Второй момент. При Улюкаеве был распространен такой подход к проблемам, согласно которому ни в коем случае нельзя давать бизнесу деньги как деньги, потому что деньги развращают, деньги — это плохо, поэтому следует предоставлять предпринимателям ресурсы в любой неденежной форме. Например, в виде доступа к инфраструктуре, в формате каких-то бизнес инкубаторов и технопарков или в форме обучения. В общем, в каком угодно формате, но только не в денежном. Хотите живых денег — пожалуйста, идите на рынок, берите кредиты. Понятно, что при нынешней стоимости кредита и при огромных сложностях его получения, особенно для субъектов МСБ, такое пожелание выглядело как издевательство. Ни у кого из малых предпринимателей нет ничего такого, что можно показать банку как залоговую базу. Между тем в МЭР питались пустыми мечтаниями о том, что любой человек, желающий открыть, к примеру, булочную, может пойти в банк и выйти оттуда с длинным рублем.

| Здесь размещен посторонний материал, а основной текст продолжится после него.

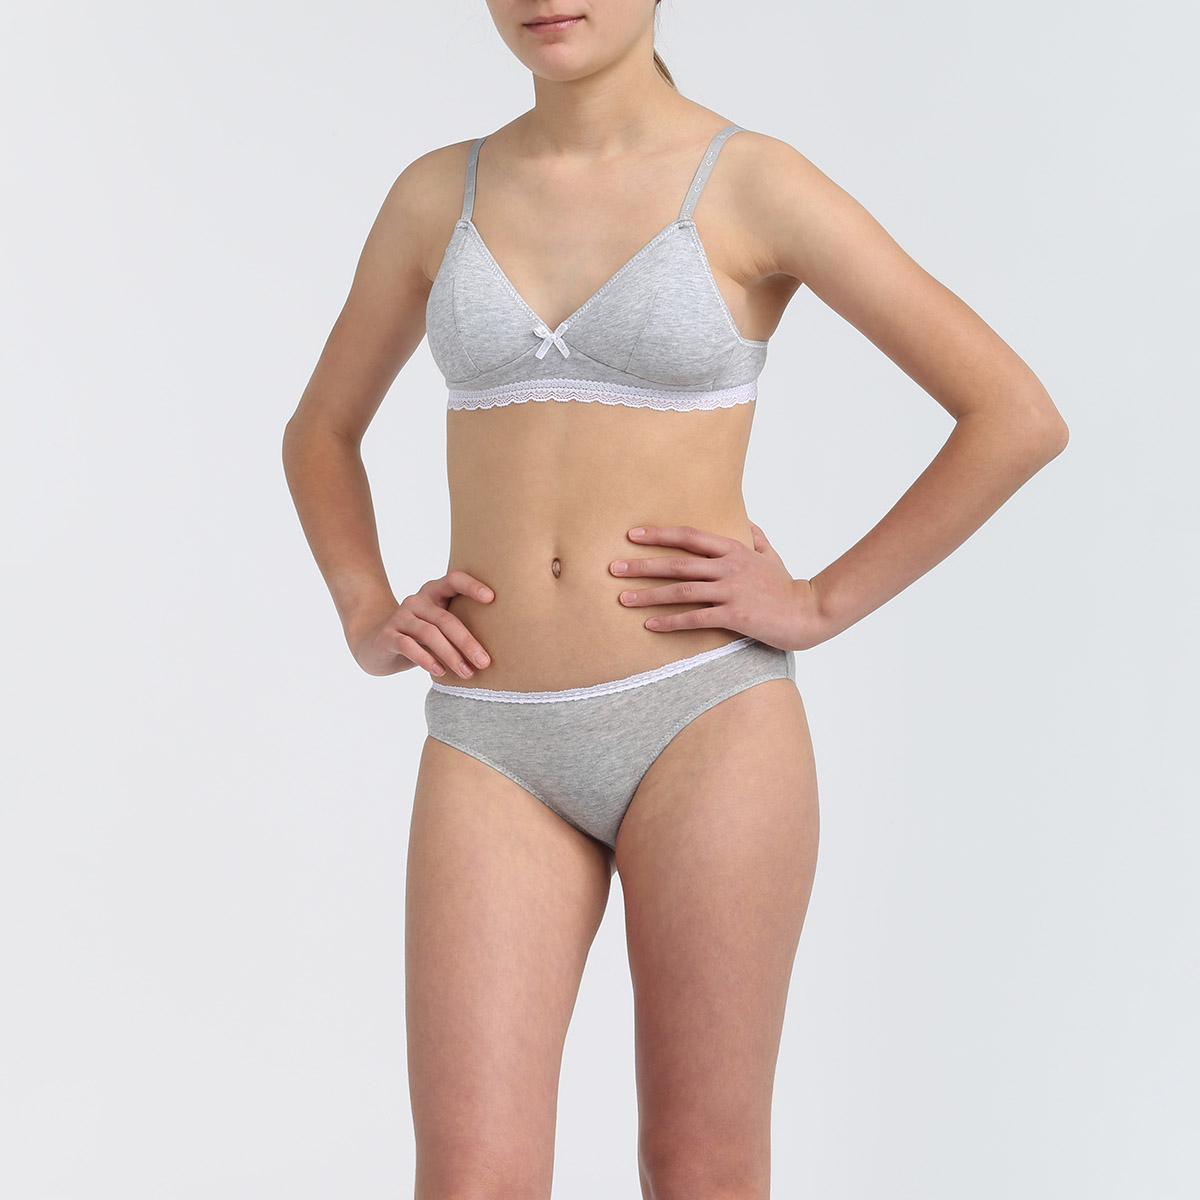 SHAPEHIT Woman's Innerwear Cotton Blend Bra Panty Set, Non Wired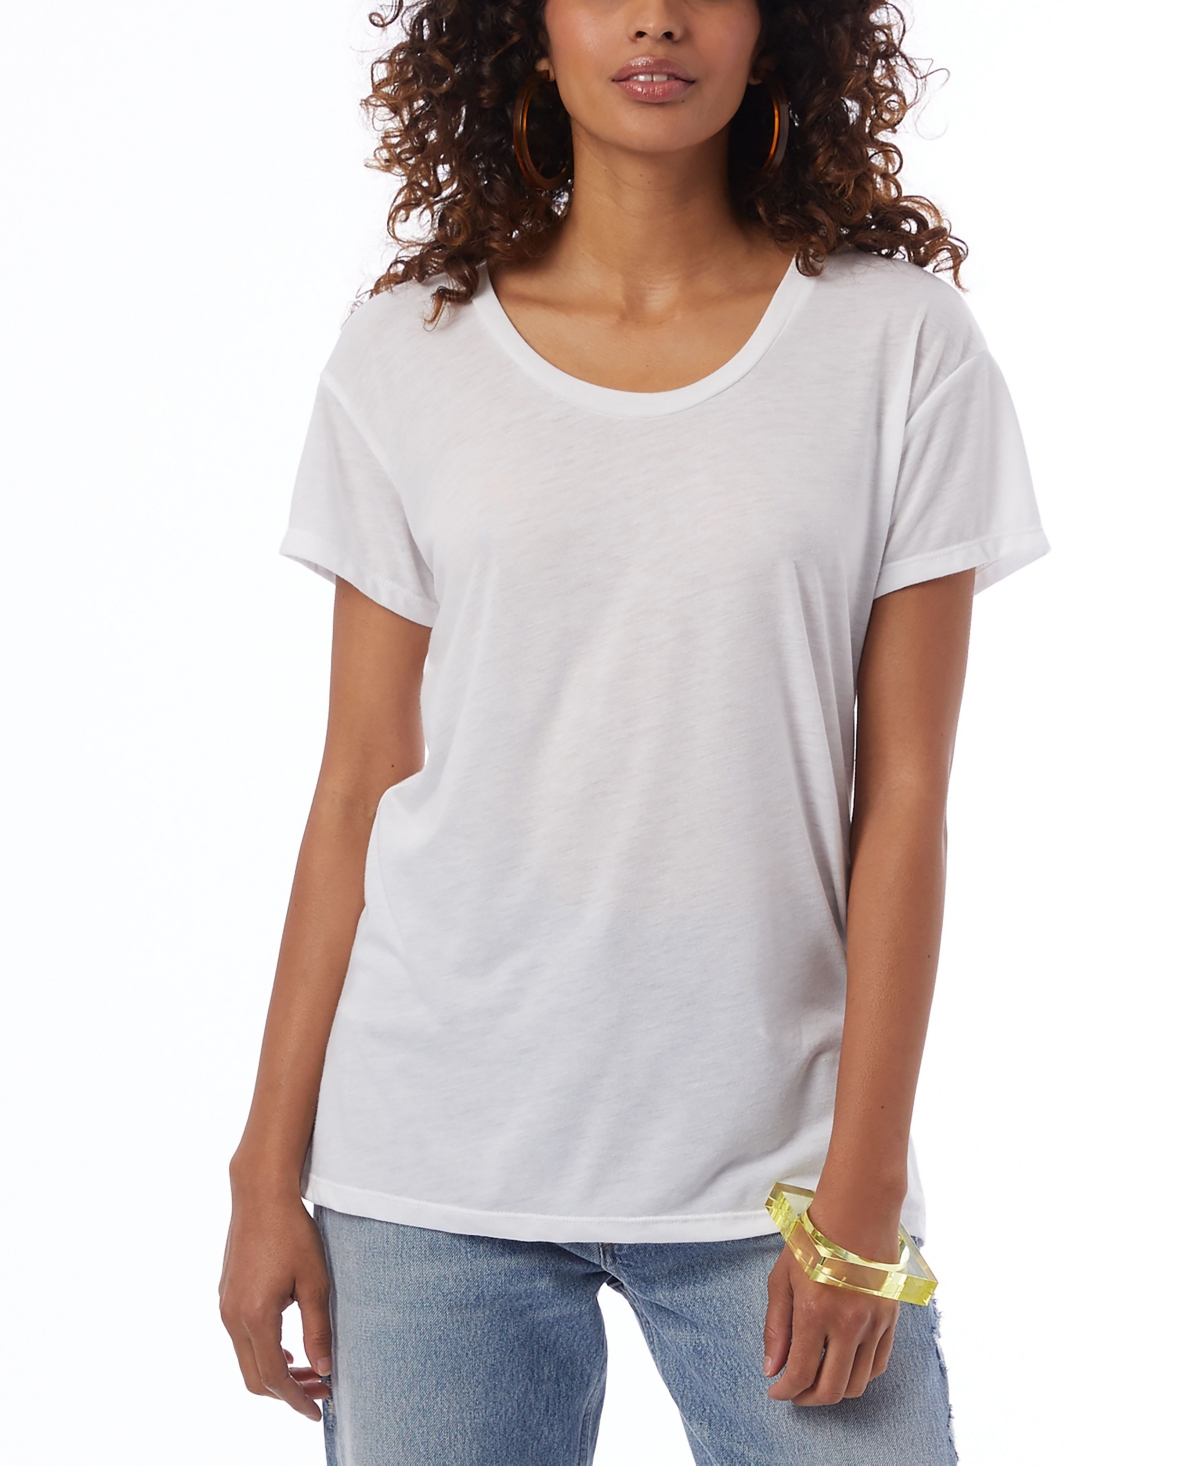 Kimber Slinky Jersey Women's T-shirt - White

«Сотрудники Минэка никогда всерьез не рассматривали малое и среднее предпринимательство в качестве драйвера экономического роста» «Сотрудники минэка никогда всерьез не рассматривали малое и среднее предпринимательство в качестве драйвера экономического роста» Фото: ©Рамиль Ситдиков, РИА «Новости»

— Но, казалось бы, про недоступность кредитов при высокой ключевой ставке не твердил только ленивый...

— Тем не менее. Кредиты в представлении макроэкономистов на то и существуют, чтобы создать дело. Третье: сотрудники минэка никогда всерьез не рассматривали малое и среднее предпринимательство в качестве драйвера экономического роста. Экономика — это крупные компании, это им понятно. А вся сфера МСБ в их представлении — это такая разновидность социалки, имеющая вполне очевидную прагматичную цель — чем-нибудь занять людей, чтобы не били баклуши. Таким образом, установка делалась больше на массовую самозанятость людей, чем действительно на какую-нибудь экономическую составляющую их деятельности.

— Получается, минэкономразвития решали больше социальную задачу, нежели экономическую.

— Да, и в этом смысле, например, характерно было, когда появилась история с проектным финансированием. Об этом много говорили, Герман Греф откуда-то приволок эту тему. Проектное финансирование — это когда деньги даются не под залог какого-то имущества или активов, а когда деньги даются под проект. Идея сама по себе хорошая и очень правильная. Загвоздка лишь в том, что она требует намного большего качества проработки проектов и проектной документации — то есть самой идеи и документации, ее подтверждающей: связей, договоров о поставках и пр. В этом случае риски для регистрационной структуры минимизируются не посредством активов, которые находятся в залоге, а посредством качества проработки бизнес проекта. Спорить не буду — идея хорошая. Но на практике она опять обернулась способом финансировать крупные и сверхкрупные проекты крупных компаний.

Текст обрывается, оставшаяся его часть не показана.